How Barie Analyses a Competitor’s Pricing Strategy Across Their Top 50 SKUs and Identifies Exactly Where You Can Undercut
Competitive Intelligence · Firecrawl · Ahrefs · Explorium · Live Pricing Data · Updated April 2026
Barie pulls live pricing data across your competitor’s full product catalogue. It analyses price points by SKU, identifies bundle strategies and promotional discount patterns, maps where their pricing is weakest relative to buyer search intent, and delivers a structured pricing matrix with specific undercut recommendations. Not a screenshot of their homepage. A systematic analysis of their pricing logic.
Why competitive pricing research done manually produces the wrong answer
A head of e-commerce at a DTC skincare brand spent a Friday afternoon manually checking a competitor’s pricing across their best-selling product lines. She opened their website, noted the prices for the main products, spotted what appeared to be a permanent discount on their hero bundle, and concluded that the competitor was running a value-led strategy targeting price-sensitive buyers. She adjusted her own bundle pricing down by 12% on the assumption she needed to compete on price in the same tier.

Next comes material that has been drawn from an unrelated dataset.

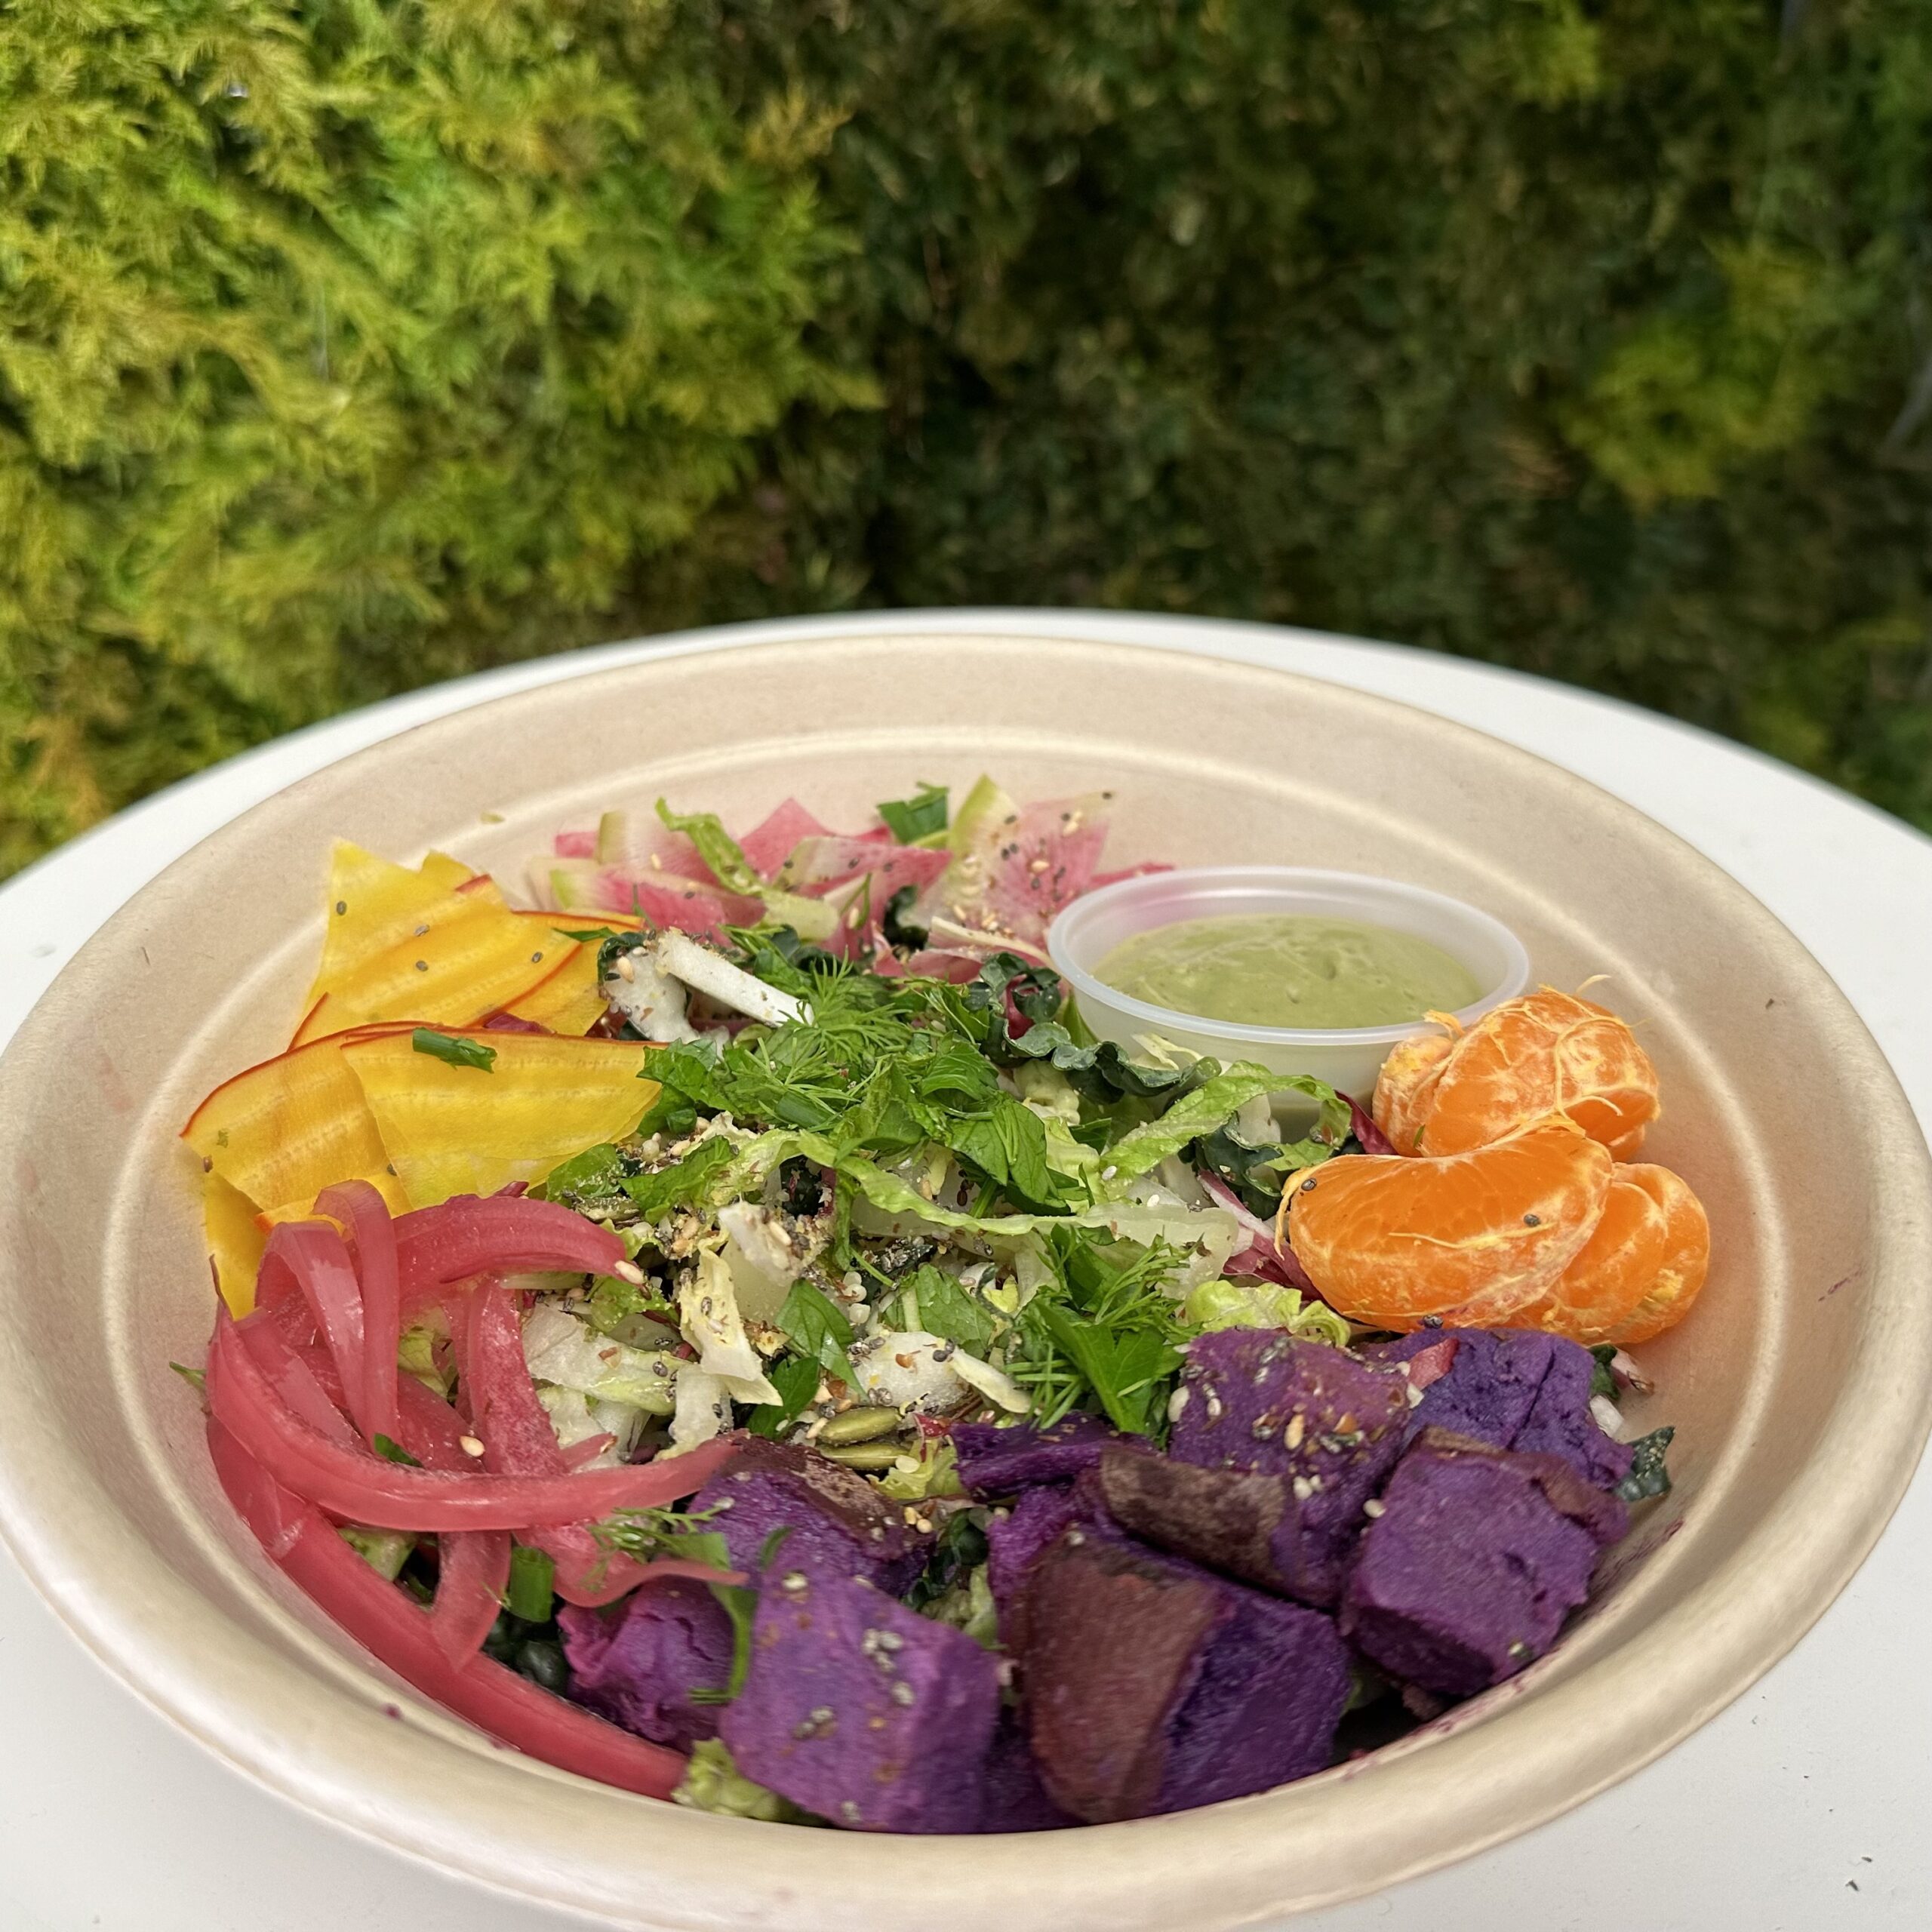 Colorful salad in front of living wall

What she had missed: the competitor’s hero bundle discount was a promotional price that had been running for 11 days and was about to revert. Their everyday pricing on individual SKUs was actually 18% higher than her existing prices. Their highest-traffic organic search terms, pulled from Ahrefs, showed that buyers arriving at their site were searching for premium ingredient claims, not price. The competitor was positioning upmarket, not downmarket. A 12% price reduction was the opposite of the correct move.
Manual pricing research captures a moment. It does not capture the pattern. Understanding what a competitor is actually doing with their pricing requires data across their full SKU range, over time, with the organic search intent of the buyers they are targeting layered in.
Barie connects the connectors before it starts the research: This task uses three connectors together. Firecrawl retrieves live pricing across all 50 SKUs directly from the competitor’s product pages. Ahrefs shows which of those SKUs are receiving high organic traffic and what buyers search for before arriving. Explorium adds estimated revenue and transaction volume signals to confirm which price points are actually converting. The analysis draws from all three simultaneously rather than treating each as a separate step.
Your prompt
Task prompt: “Analyse my competitor’s pricing strategy across their top 50 SKUs and identify where I can undercut.”
One sentence. The first thing Barie does before retrieving a single price is activate the connectors that will make the pricing data interpretable. Here is exactly how the workflow runs, starting with the connector activation.
Step 1: Three connectors activated before the research begins
CONNECTORS ACTIVATED FIRST
Before Barie retrieves a single price point, it activates the three connectors that turn raw pricing data into a meaningful competitive analysis. A list of prices without context is not a pricing strategy. The connectors provide the context that makes the numbers interpretable. Firecrawl handles the live data retrieval. Ahrefs confirms which SKUs are actually driving traffic and what search intent sits behind buyer behaviour. Explorium adds the revenue intelligence layer that shows where the competitor’s pricing is generating conversion activity.
Barie Connectors — Pricing Intelligence Stack — Active (3 connectors, parallel)
Firecrawl crawls the competitor’s website and retrieves live pricing from all 50 product pages simultaneously. It captures the displayed price, the struck-through RRP where shown, any promotional discount labels, bundle pricing structures, and subscription price tiers. Every price in the output comes from the live product page, not from a cached crawl or a historical snapshot.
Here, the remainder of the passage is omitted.